大雨不斷沖刷著榕州府南郊的土地,泥水混合著血水往四面流淌,到處一片死寂。雲貴宣撫司署外全都是屍體,若是駕馬而來,竟無處下腳。
順著這些橫七豎八的屍體往裡,兩排全副盔甲穿戴的官兵手持黑鞘長刀守在道路兩側,一直往裡看不到頭。
他們面容肅殺地站在那裡,即便雨水沿著頭盔的飛檐往下如串珠般滴落,他們也依然一動不動肅立,似雕像一般。
直到第五進院落,更是圍滿了玄甲兵,這些人不言不語,提刀簇擁著一個臂綁白巾的鎧甲青年。
「秦鳳樓,你、你莫非是瘋了?!」寶翁義渾身濕透,頭髮黏在臉上,狼狽大吼。
他捂著自己的斷臂,崩潰嚎道,「來人——來人!我乃官家親封雲貴土司,誰敢動我!?來人殺了這些膽敢謀殺朝廷大臣的匪徒!」
秦鳳樓橫刀而立,刀尖不斷混著雨往下滑落血水。他仰頭大笑,伸手摸過嘴邊一絲血痕,血腥氣讓他忍不住咧嘴。
「真痛快呀。」他享受地眯起眼。
寶翁義被他這瘋狂的模樣嚇得往後一倒,被白雅扶住。
白雅對他厲聲道:「你是土司,怎可害怕?」
她說這話的時候,卻根本不敢看秦鳳樓。她根本不敢想像,先前還能被她的蠱蟲困住的人,怎會如殺神一樣,將他們一步步逼到了此種地步……

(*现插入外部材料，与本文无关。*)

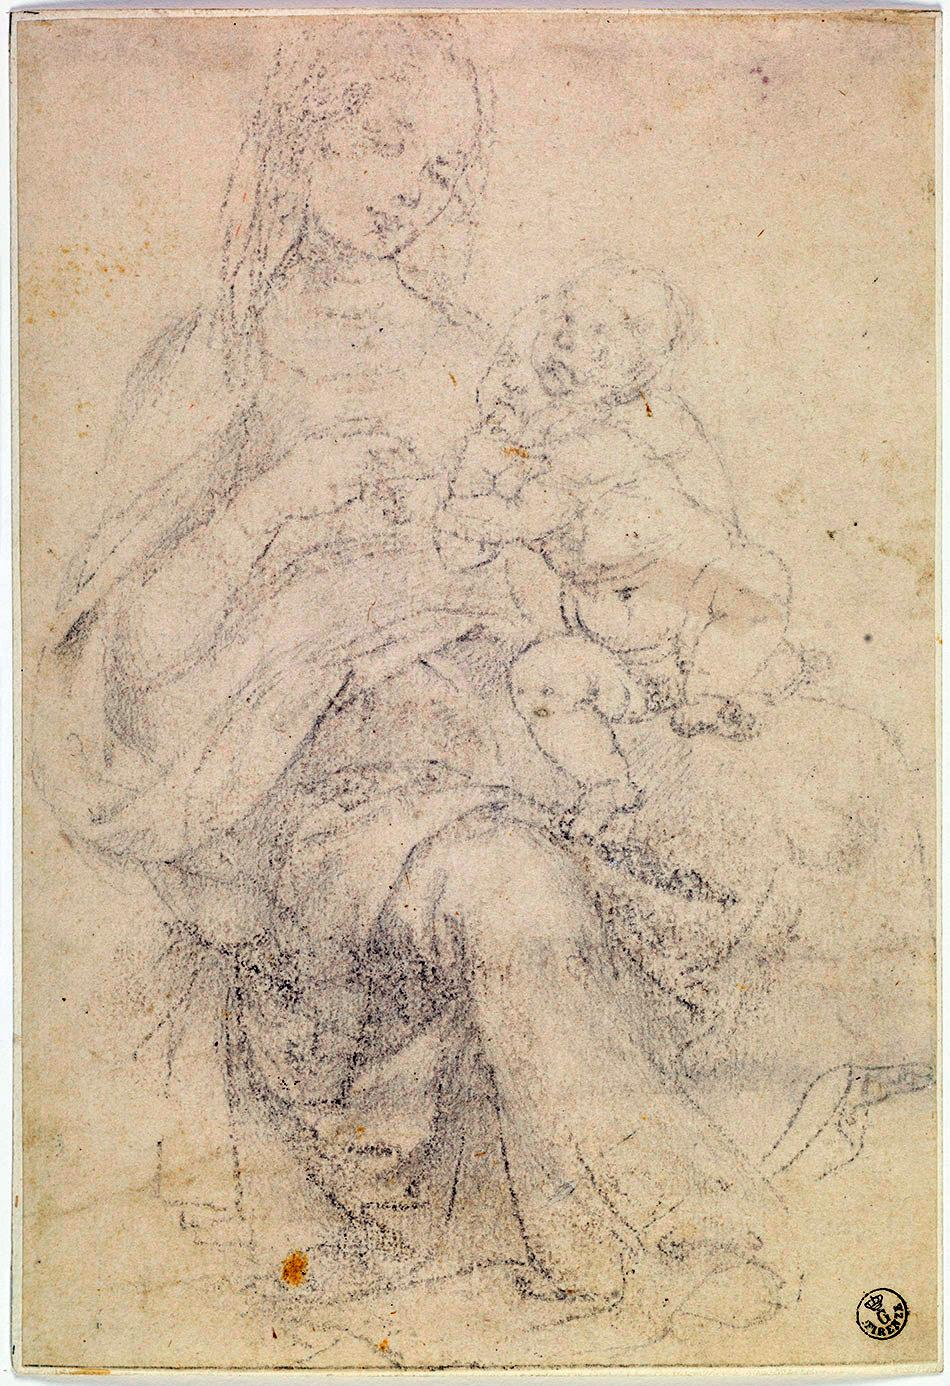 Madonna con niño sobre ella, de Andrea del Verrocchio o Leonardo Da Vinci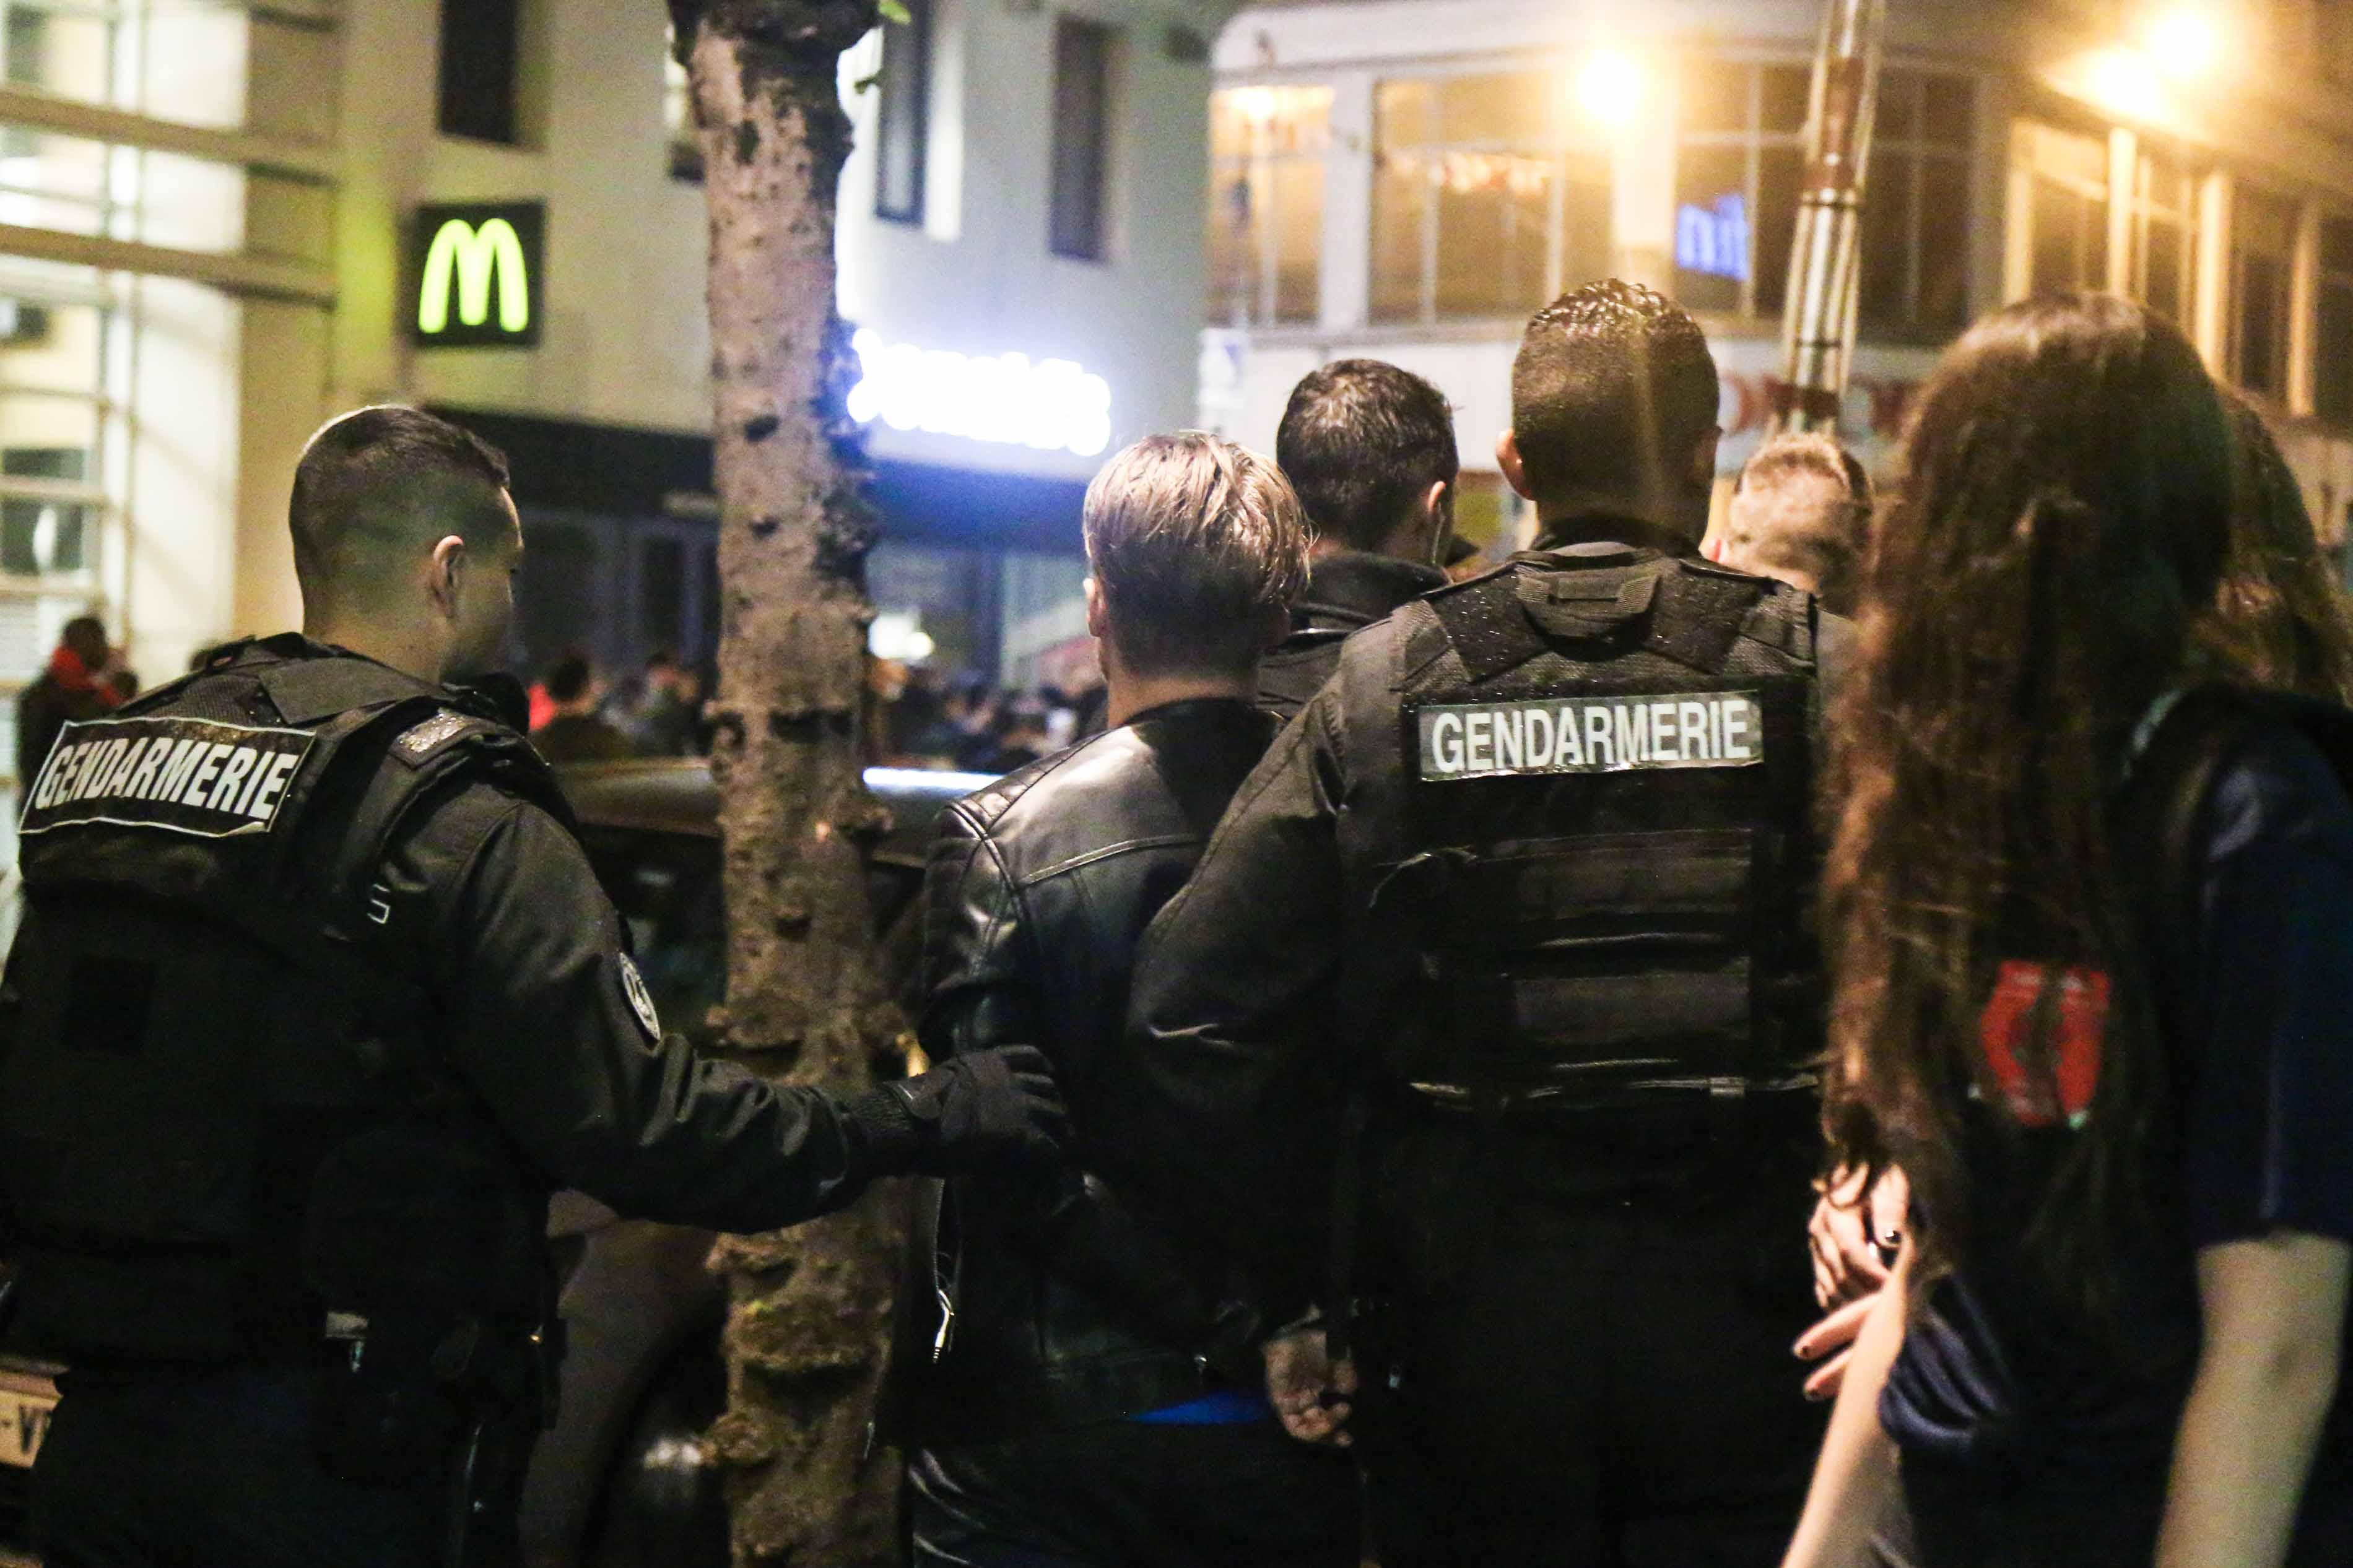 Un homme est interpellé par des gendarmes à la station de métro La Motte Piquet Grenelle le 3 juillet 2016 à Paris.

寶翁義聽到她的聲音,原本失神的雙眼一凝,突然伸手,猛地將她推向了秦鳳樓的方向。
他大喊道:「都是這賤人,都是她攛掇我去抓你和那個小白臉!都是她說要剝下小白臉的皮,說什麼能找到寶藏……你要報仇就找她!」
白雅倒在泥水裡,一頭釵環砸落滿地,她在大雨滂沱中,震驚地轉頭看向丈夫。
第67章
白雅尖叫:「你這個沒種的廢物!」她跌坐在泥地上高聲怒罵,寶翁義卻躲在他那位正妻的身後,捂著斷臂瑟瑟發抖。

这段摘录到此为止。